Starter-kit

Participant will get a starter-kit. It contains:

# The examples of agent
agent/agent.py
agent/agent_MP.py
agent/agent_rllib.py
agent/checkpoint-25

# CBEngine config file
agent/gym_cfg.py

# To customize CBEngine interfaces
agent/CBEngine_round3.py

# sample traffic flow data and road network data
data/flow_round3.txt
...
data/roadnet_round3.txt
...

# demo script for generating sample traffic flow data
data/traffic_generator.py

# where you store your model
model/

# scoring script for single flow
evaluate.py

# evaluation and scoring script
evaluate.sh

# rllib train example
rllib_train.py

# example script for using rllib_train.py
train.sh

# rllib testing example
rllib_test.py

# script for parallel evaluating the model
rllib_evaluate.sh

# a simple demo to check your simulation environment. Note that **only** `observation` and `reward` could be modified. Please make sure that the dimension of `observation` is aligned with ``gym_cfg.py``. You could continue using the `observations` defined in the qualification phase, but the previous `reward` can't be used in `rllib` because `rllib` requires that each agent to be assigned with a `reward`. We provide 2 demo `rewards` definitions, "pressure" and "queue length", along with the old `reward` in the comment of default `CBEngine_round3.py``.
demo.py

Participants should implement their algorithm in agent.py. In the final phase, custom CBEngine_round3 is available. Participants can only revise the observation and reward of its agent.

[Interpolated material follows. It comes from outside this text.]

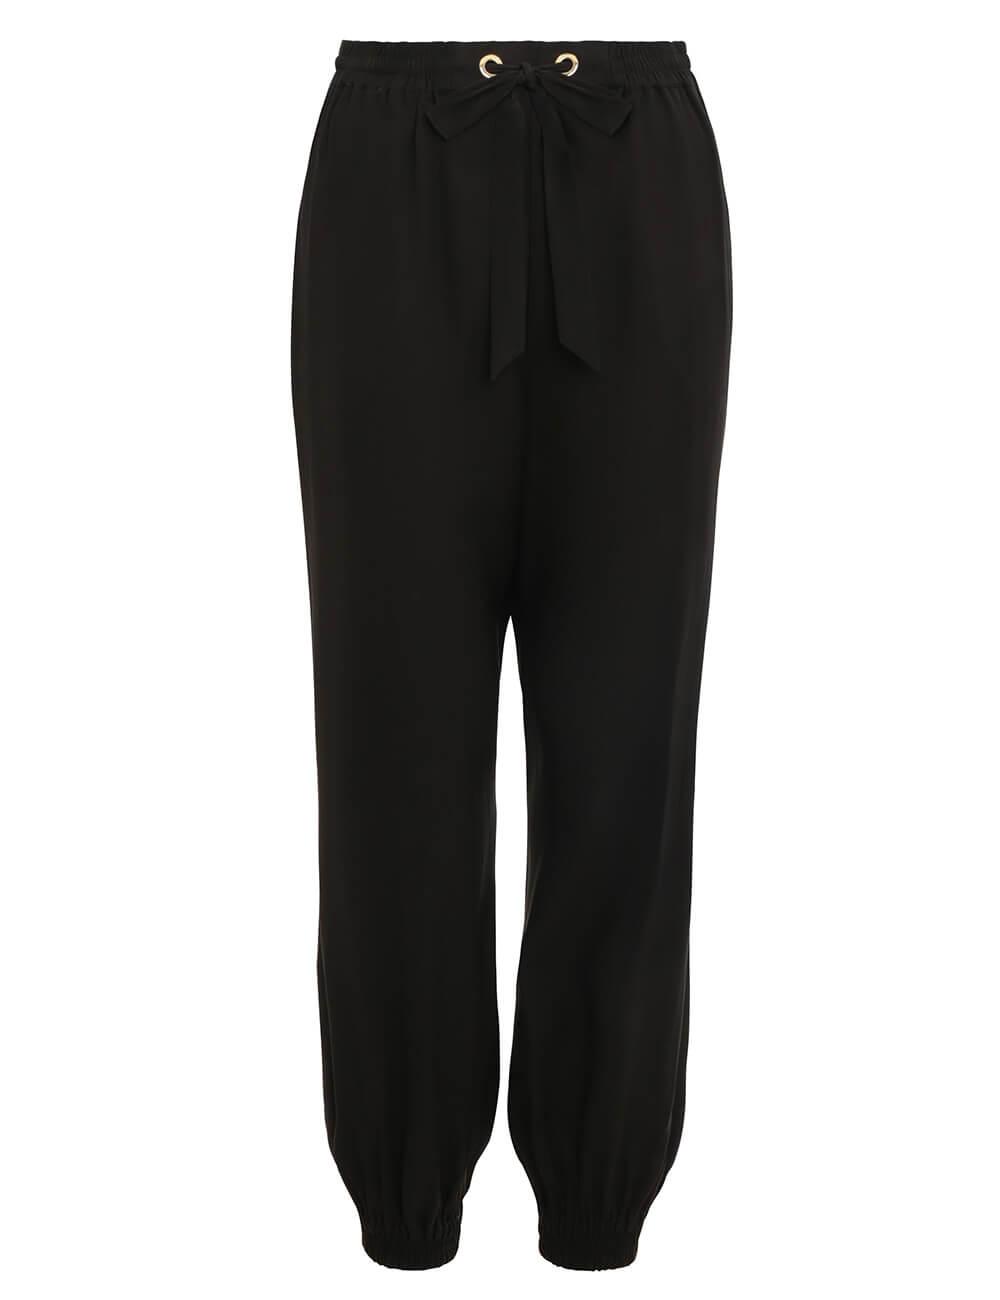 f8987b94dd6b Pants Straight Leg - Pants - Clothing - Ready to Wear

  1. Participants should submit their own CBEngine_round3 for training or evaluation. Note that only observation and reward could be modified. Please make sure that the dimension of observation is aligned with gym_cfg.py. You could continue using the observations defined in the qualification phase, but the previous reward can’t be used in rllib because rllib requires that each agent to be assigned with a reward of single value. We provide 2 demo rewards definitions, “pressure” and “queue length”, along with the old reward in the comment of default CBEngine_round3.py.

  2. Now the current step is not included in observation by default. It is now included in obs['info']['step']

  3. The observation format is modified to align with rllib api. For more information, please refer to the observation

  4. Now the keys (i.e. agent_id) of actions, reward, observation, dones are str instead of int.

  5. Now env.reset return a dict: observation.

  6. Now route and t_ff are removed from “vehicle_info” in final phase.